Repitlian Reptile Lizard Brain I recently posted video from an interesting conversation between authors Daniel Pinchbeck and Douglas Rushkoff. Though this video series is certainly not for everybody, there are a number of interesting things in it which I wanted to comment on. One of the main ones comes up in part 4. It features Douglas Rushkoff (who I love, incidentally) repeating a common progressive belief regarding the “powers that be” (PTB), that it is their primitive reptilian brains which are in control. And that this rule of the lizard brains is exactly what is causing us so many problems in society and in the world.

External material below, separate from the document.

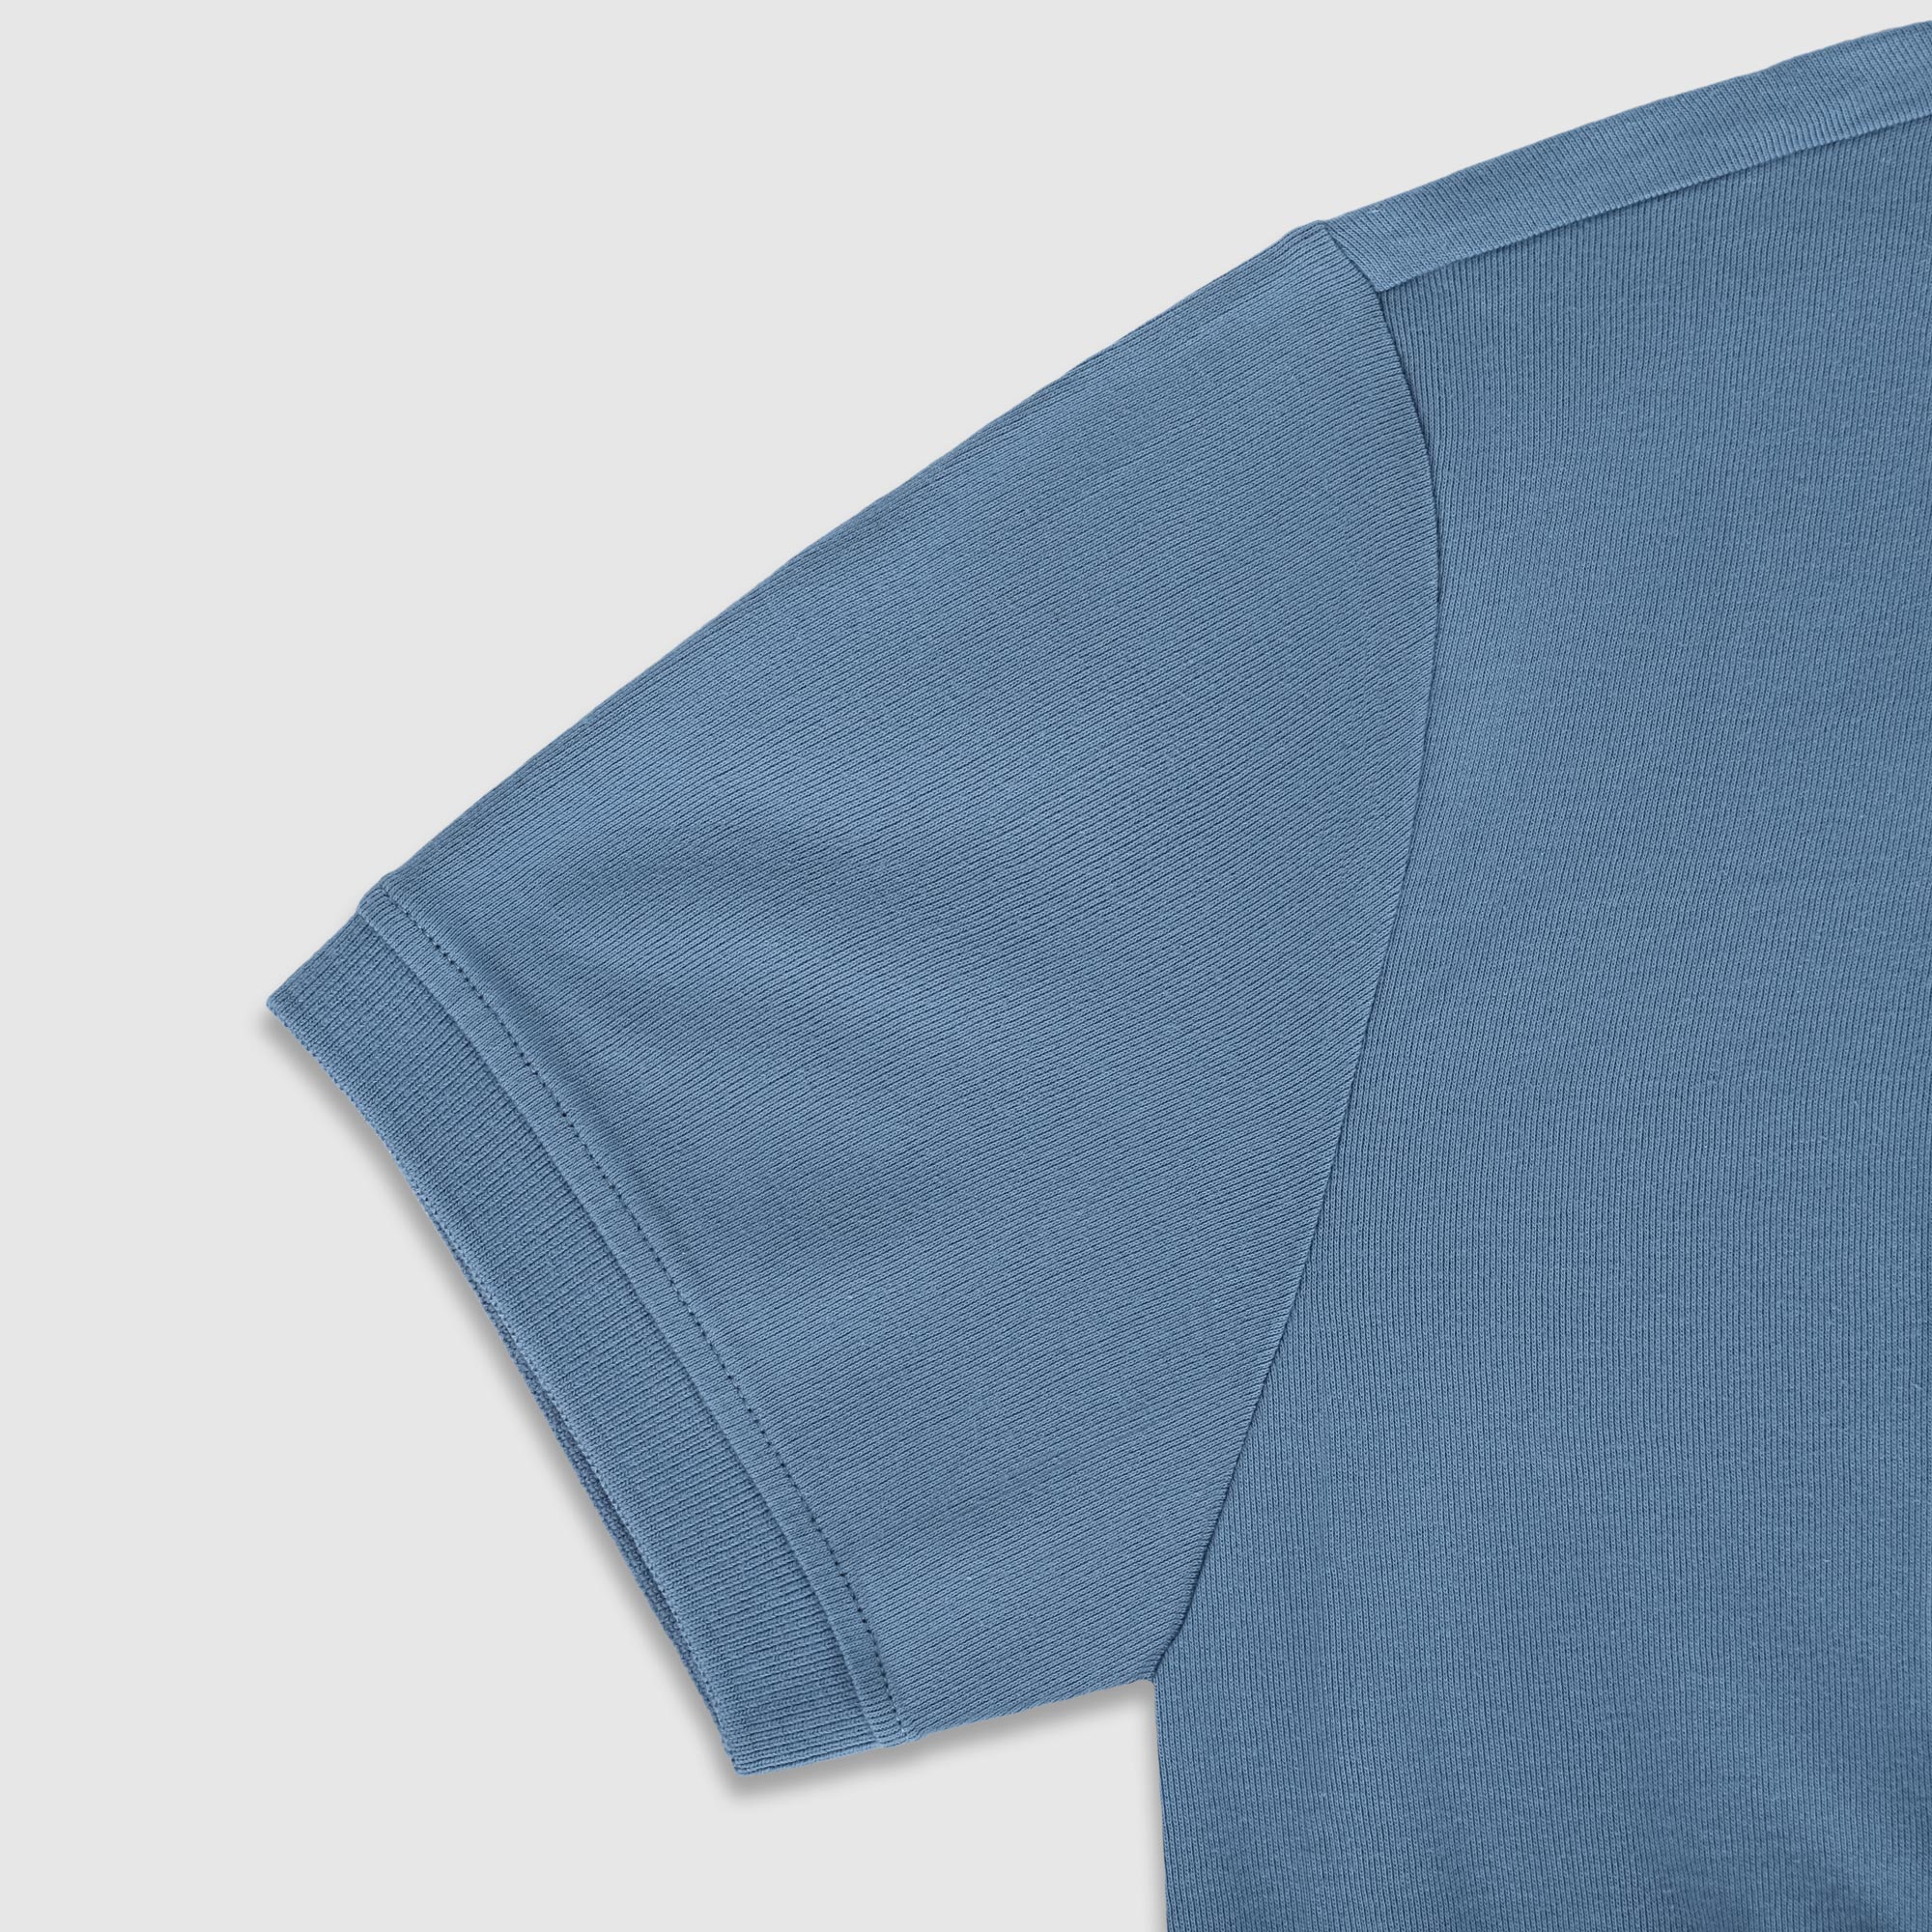 Рубашка мужская Diva Teks поло голубая, цвет голубой, размер 2XL - фото 4

At first blush, I’m sure many of us would in fact agree with this assessment, because we look around and see a world where hatred and aggression are running rampant - a world obsessed with death and destruction. But the more I look at the historical and philosophical underpinnings of the “PTB,” the less and less I see of such things. It may be a wonderfully creative notion for us to believe that the “bad guys” are actually reptilian shape-shifters, but the cold truth is that they are in fact scientists; they are rationalists; they are philosophers; they are technocrats.

They do not deal according to “folk psychology” beliefs such as the soul, freedom, or good and evil. Those are just stories they trot out to pull those of US who operate more or less exclusively according to our reptilian brains along for the ride with what they have determined is rationally and scientifically the most sensible course of action to take.

They are not the shape-shifting reptilian aliens; we are. Hatred and fear do not rule the world; science and reason and money do. But it’s hard for us to face up to that simple indisputable fact, because then we enter into slippery Romantic territory, where emotionality trumps reason, and the appropriate course of action becomes the primitivist fantasy that pulling the plug on the whole thing will fix our problems. It will not. The lizard brain has just as many problems as reason. Neither is better. Neither is worse. Our strength as humans is that we bridge contradiction within ourselves at every level, not that we finally have to decide one way or another which side we are really on once and for all.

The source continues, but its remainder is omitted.